━━━ Source data ━━━

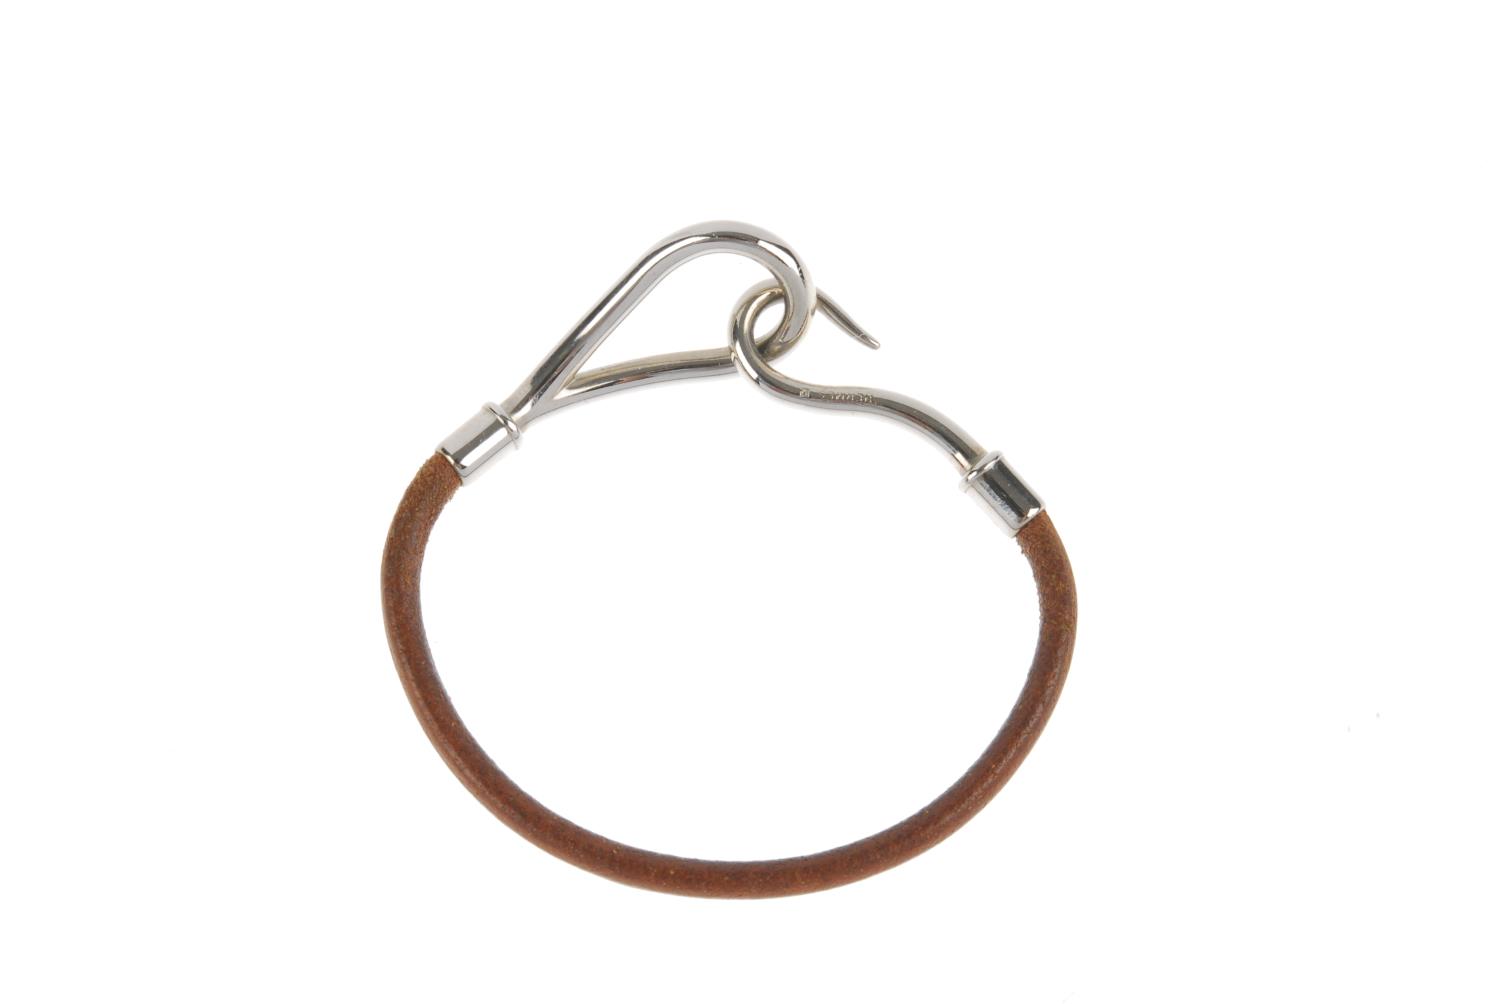 HERMÈS - a leather cord bracelet. The brown leather cord, with hook to one terminal and loop to - Image 2 of 3
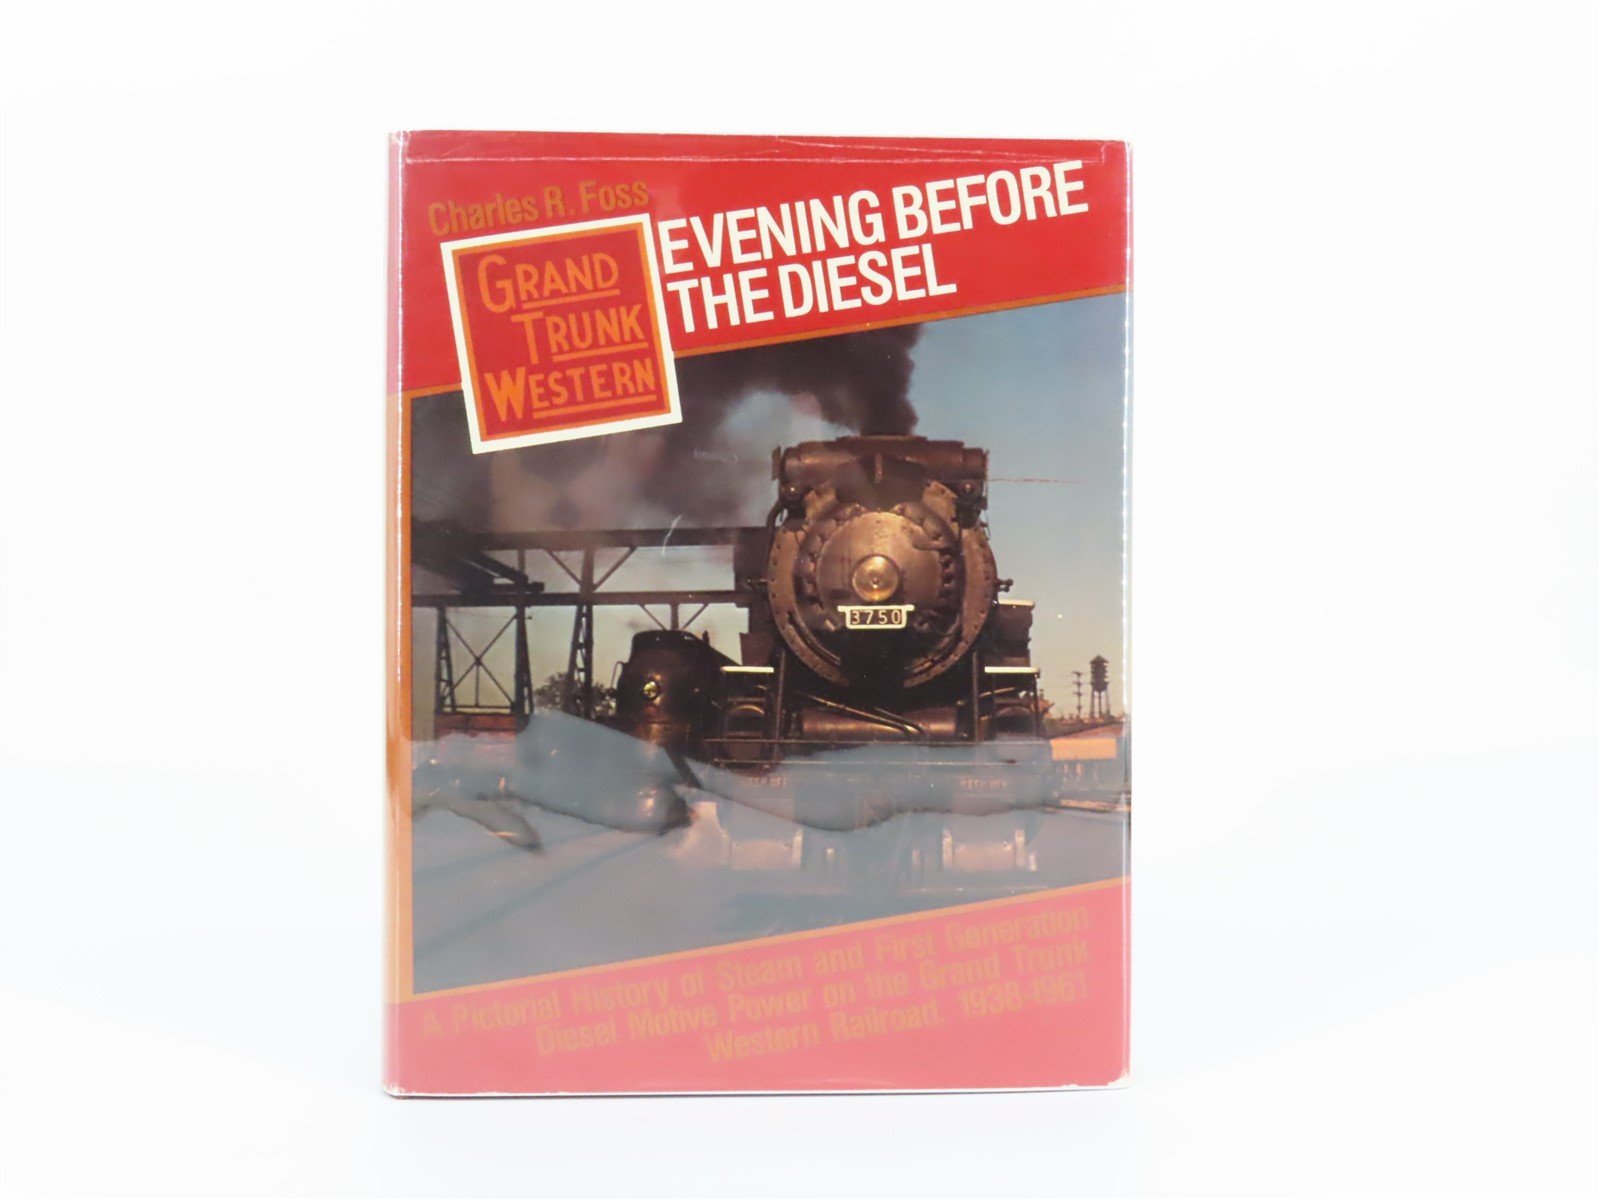 Grand Trunk Western: Evening Before The Diesel by Charles R. Foss ©1980 HC Book
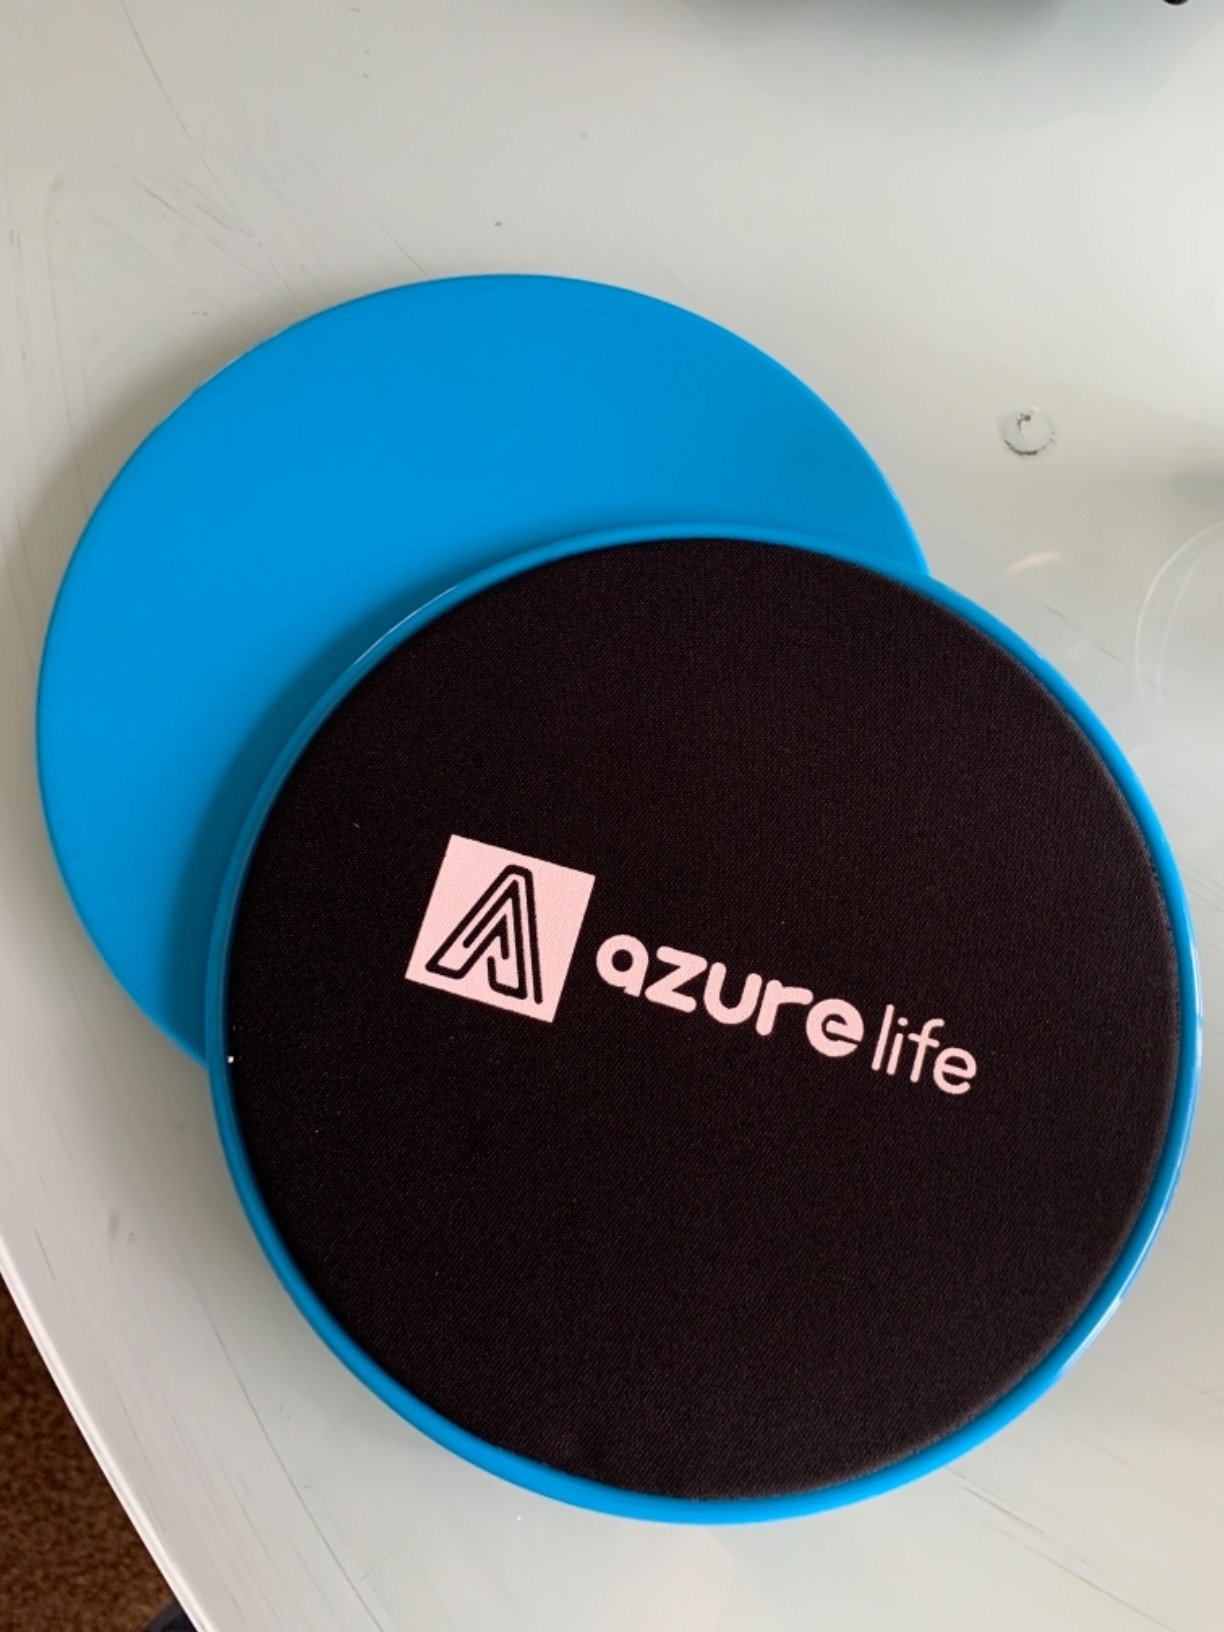 Two silicon grip strengtheners next to an Azurelife exercise pad on a table
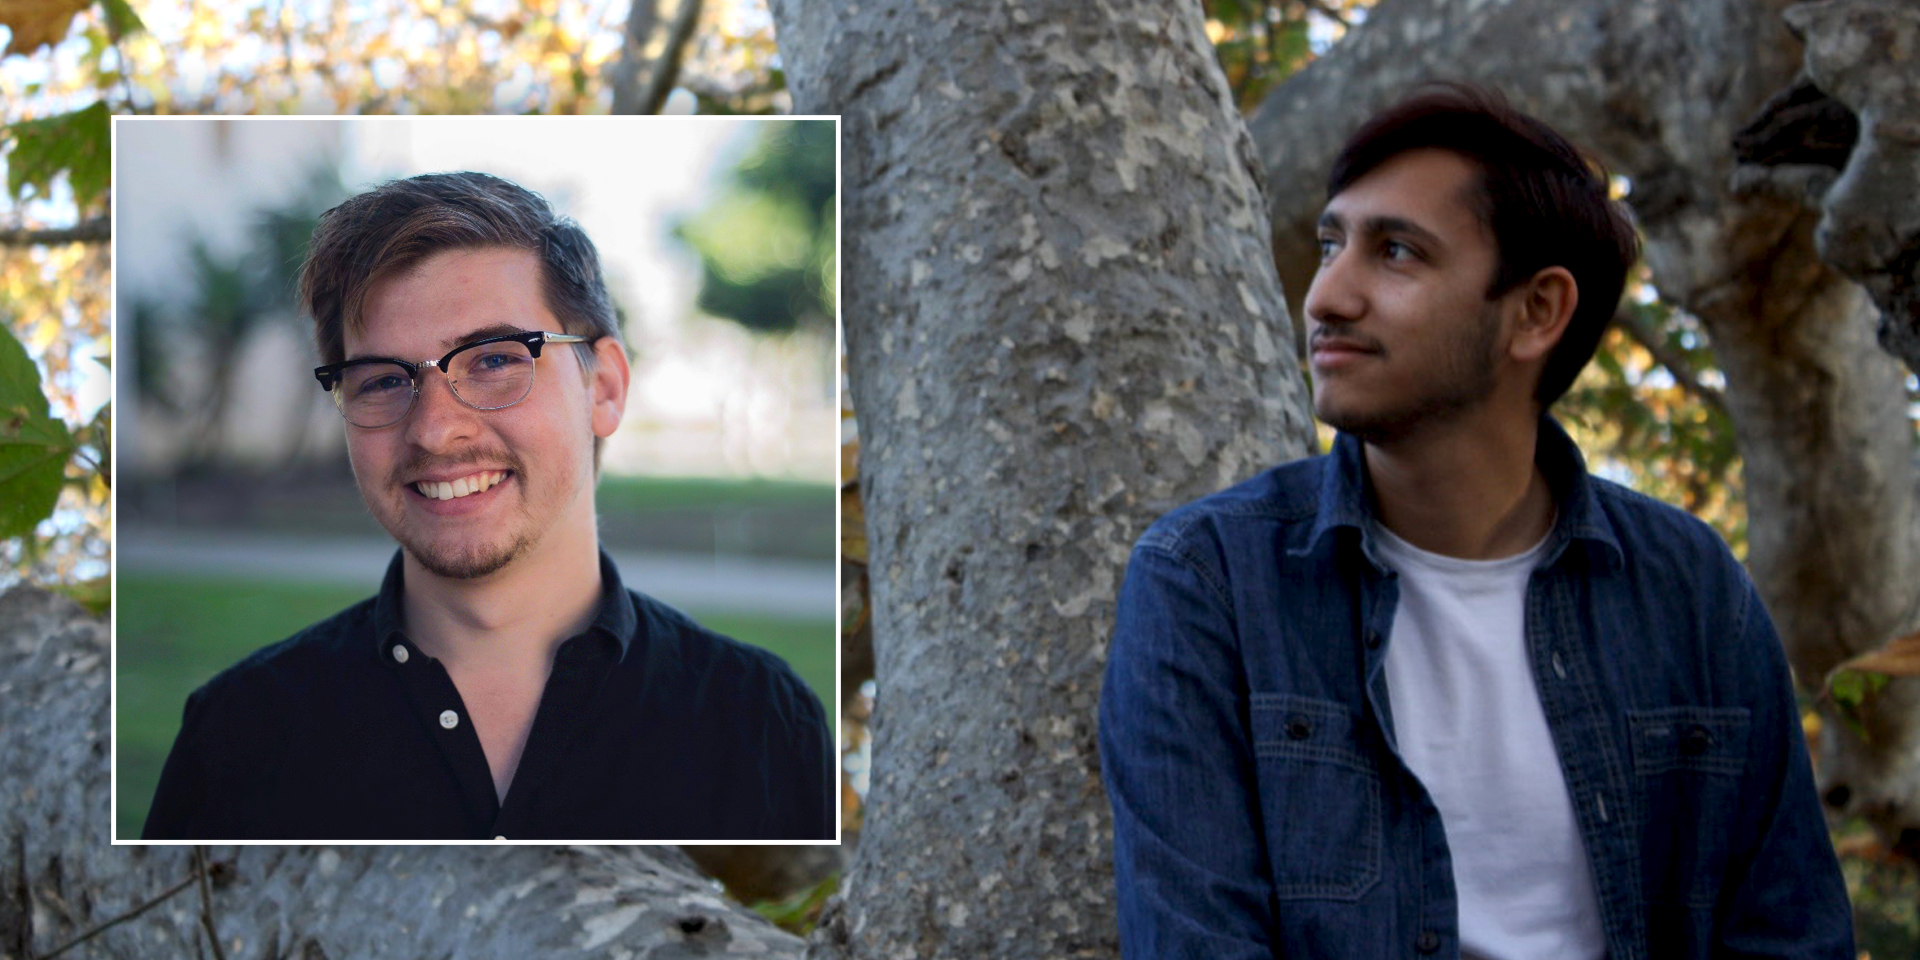 Portraits of Kyle Myers and Tristan Perez in nature.

━━━

Reproduce only the lines from the beginning of the data through the line that contains "Two silicon grip", both included, and please drop the pictures.

 HERMÈS - a leather cord bracelet. The brown leather cord, with hook to one terminal and loop to - Image 2 of 3
 Grand Trunk Western: Evening Before The Diesel by Charles R. Foss ©1980 HC Book
 Two silicon grip strengtheners next to an Azurelife exercise pad on a table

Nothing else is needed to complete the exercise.